Anavatan Partisi’nin efsane ilçe başkanı Nasrettin Bavaş ile önceki akşam Hedef TV’de güzel bir program yaptık. O günün şartlarını, siyaseti ve özellikle de siyasetteki nezaketi konuştuk. Rahmetli Ahmet Penbegüllü’den örnekler verdi, “Rakiptik ama bizi dinliyordu” dedi. Benim de unuttuğum çok önemli bir konuyu hatırlattı. Rahmetli Ahmet Penbegüllü cezaevine girince ANAP’ın üç meclis üyesi ile birlikte Hüseyin Öztürk’e destek verdiğini söyledi. Ben de kendisini tebrik ettim. Zira, 28 Şubat sürecinden sonra bu desteği herkesin vermesi zordu. Kişi ve kurumlara direkt veya dolaylı olarak çeşitli tehdit ve baskılar yapılıyordu. Bavaş’ın programda anlattığı en önemli konulardan biri de siyaseti dili ve nezaket kuralları idi. Kendisi de 1999 seçimlerinde Gebze Belediye Başkan Adayı olan Nasrettin Bavaş; “Rakip adaylar geçerken bizim otobüsteki sesi kısıyor, diğer adaylara başarılar diliyorduk” dedi…Yeni nesil Türkiye’de siyasetin nereden nereye geldiğini sanırım bugün çok daha iyi anlıyordur. İktidarı, muhalefeti hakaretle yatıp hakaretle kalkıyor.
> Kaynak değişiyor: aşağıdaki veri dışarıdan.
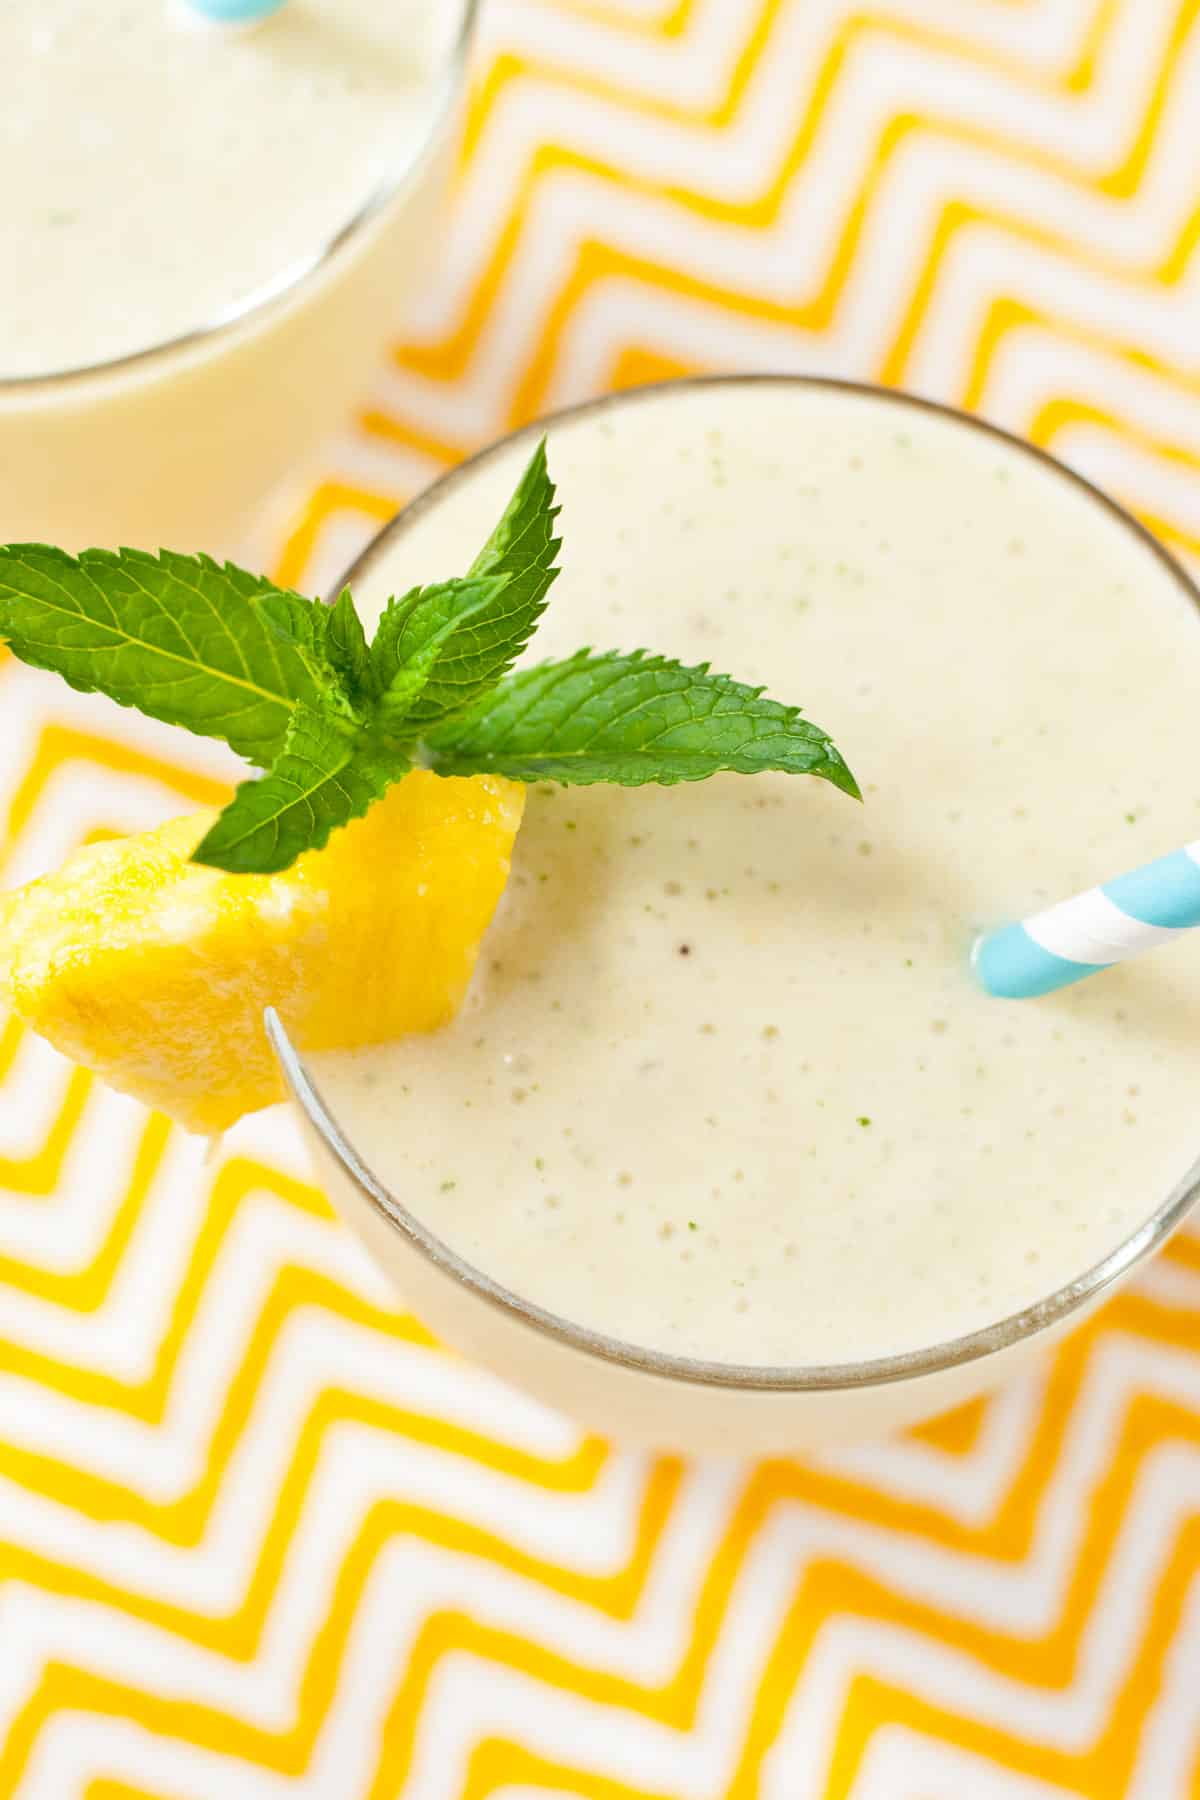 Smoothie in a glass garnished with a piece of pineapple and mint.

Ama böyle olunca da sokak geriliyor ve belediye otobüsünde bile öte gitmesini istediğiniz insan size bıçak çekiyor….
Biz bu değiliz, karada denizde, havada ve savaşlarda her ortamda karşılıklı ekmeğini paylaşmış bir millet bu halde olmamalı. Özellikle yerelde kavga ve gürültülerden, kısır çekişmelerden, kin ve nefret söylemlerinden uzak durmalıyız. Yoksa geleceğimizin çok daha gergin geçeceğini şimdiden söyleyebiliriz…
BU ORTAMLARDA OLAMAM
Şevket Altuğ "sizi neden göremiyoruz?" sorusuna şu cevabı vermiş:
“Türk toplumunun değerleri değişti.
Türk toplumuna sunulan işlerin içerikleri değişti. Yani ben şu andaki içeriklerle hiçbir dizinin içinde olamam.
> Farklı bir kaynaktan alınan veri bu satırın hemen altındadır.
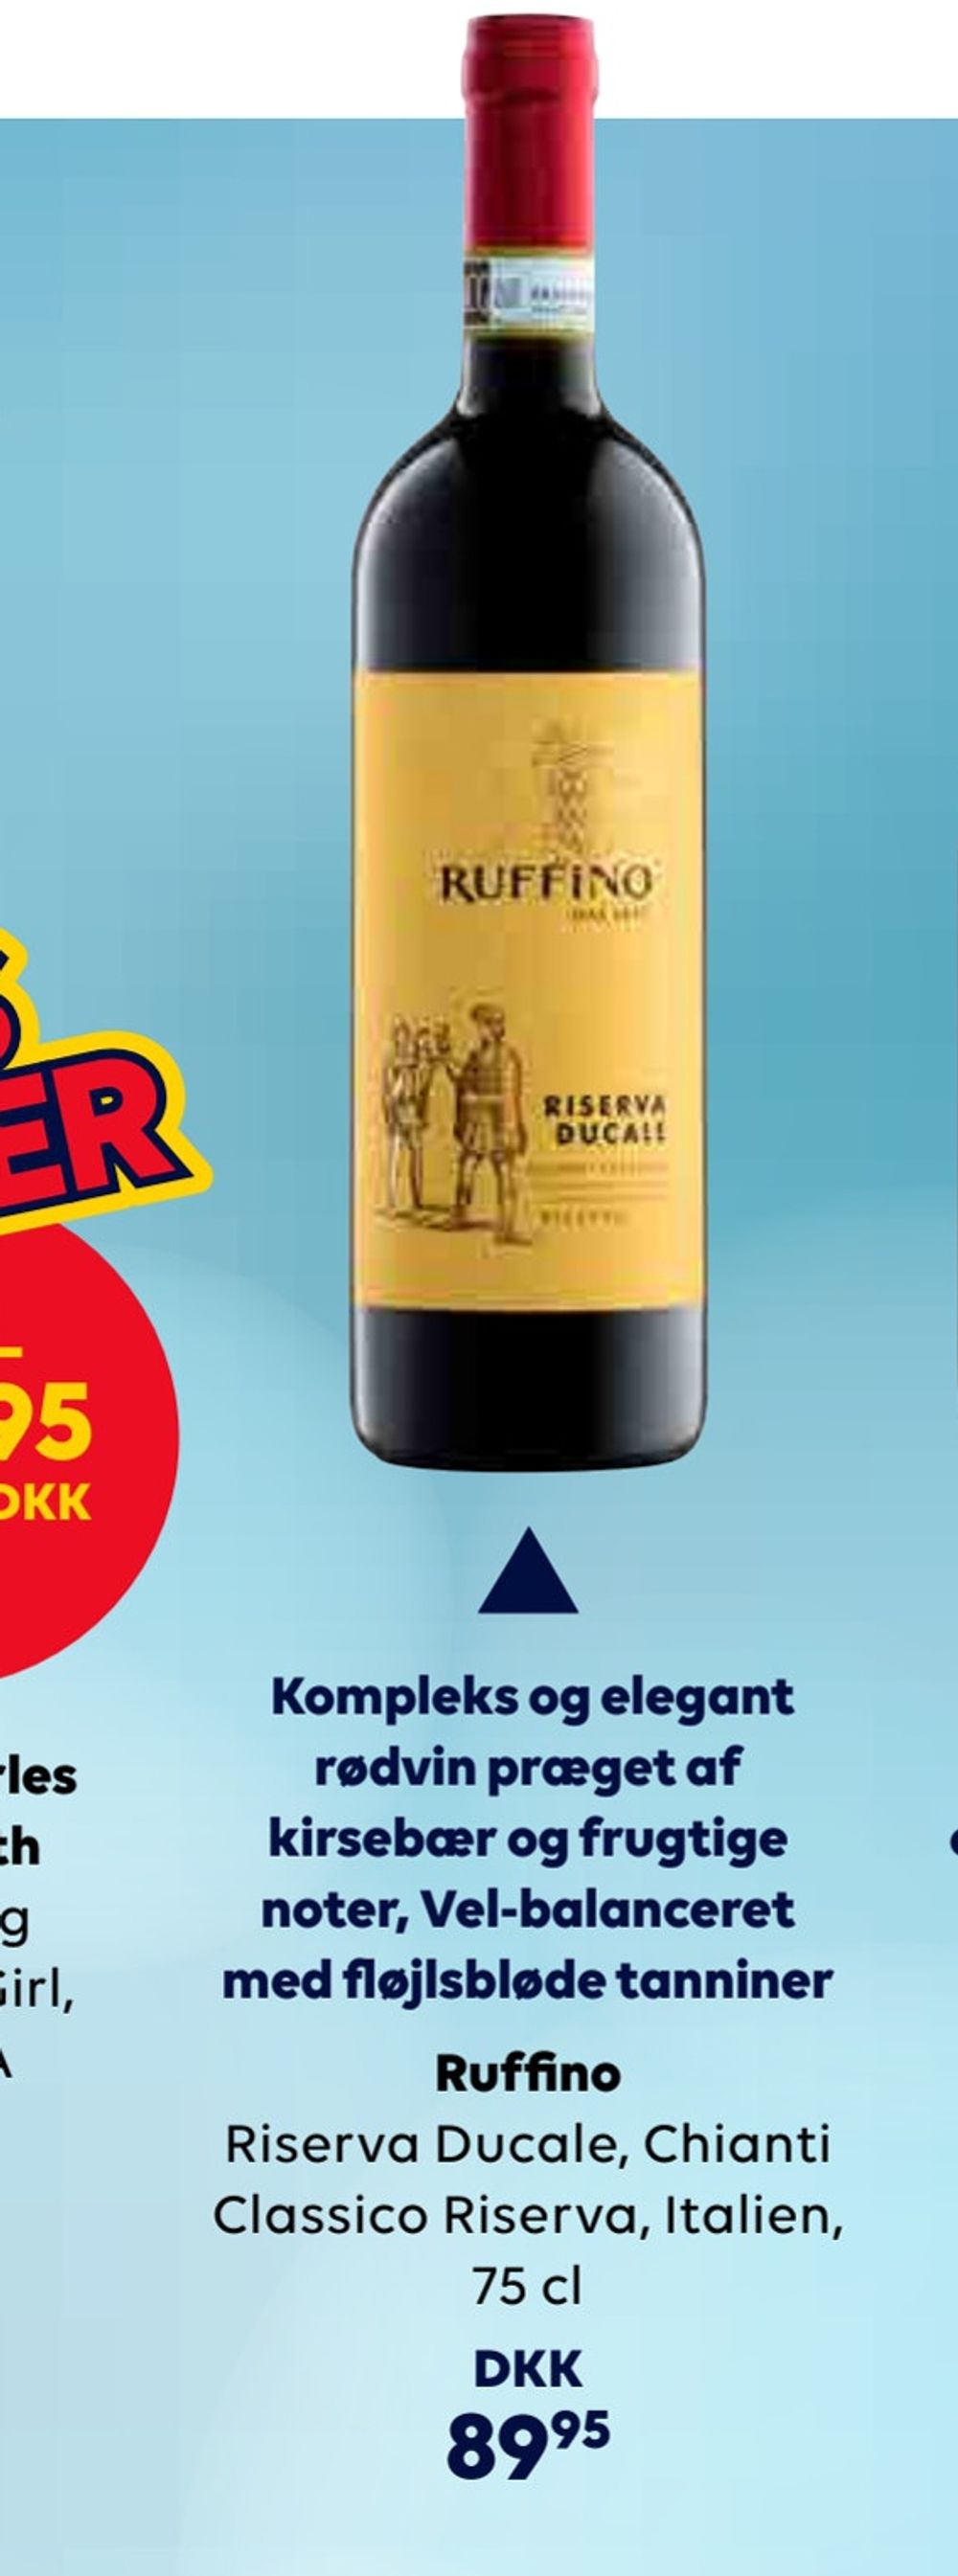 Deals on Ruffino from BorderShop at 89,95 kr.

Eleştiri olarak kabul etsinler, biraz da yaşlılığıma versinler... Bütün yapılan işlerde tabanca, tüfek, millet birbirini öldürüyor.
Bütün erkekler sakallı.
Bizim zamanımızda sakal rol gerekirse bırakılırdı.
Bu ortamda ben olamam.
Çünkü biz yaptığımız işlerde topluma sevgiyi, hoşgörüyü, toleransı, birlikte yaşamayı, dayanışmayı öğretmeye çalıştık.
Böyle bir senaryo ile karşılaşırsam yaşıma rağmen hâlâ oynayabilirim.
Ama karşılaşacağımı da pek zannetmiyorum.”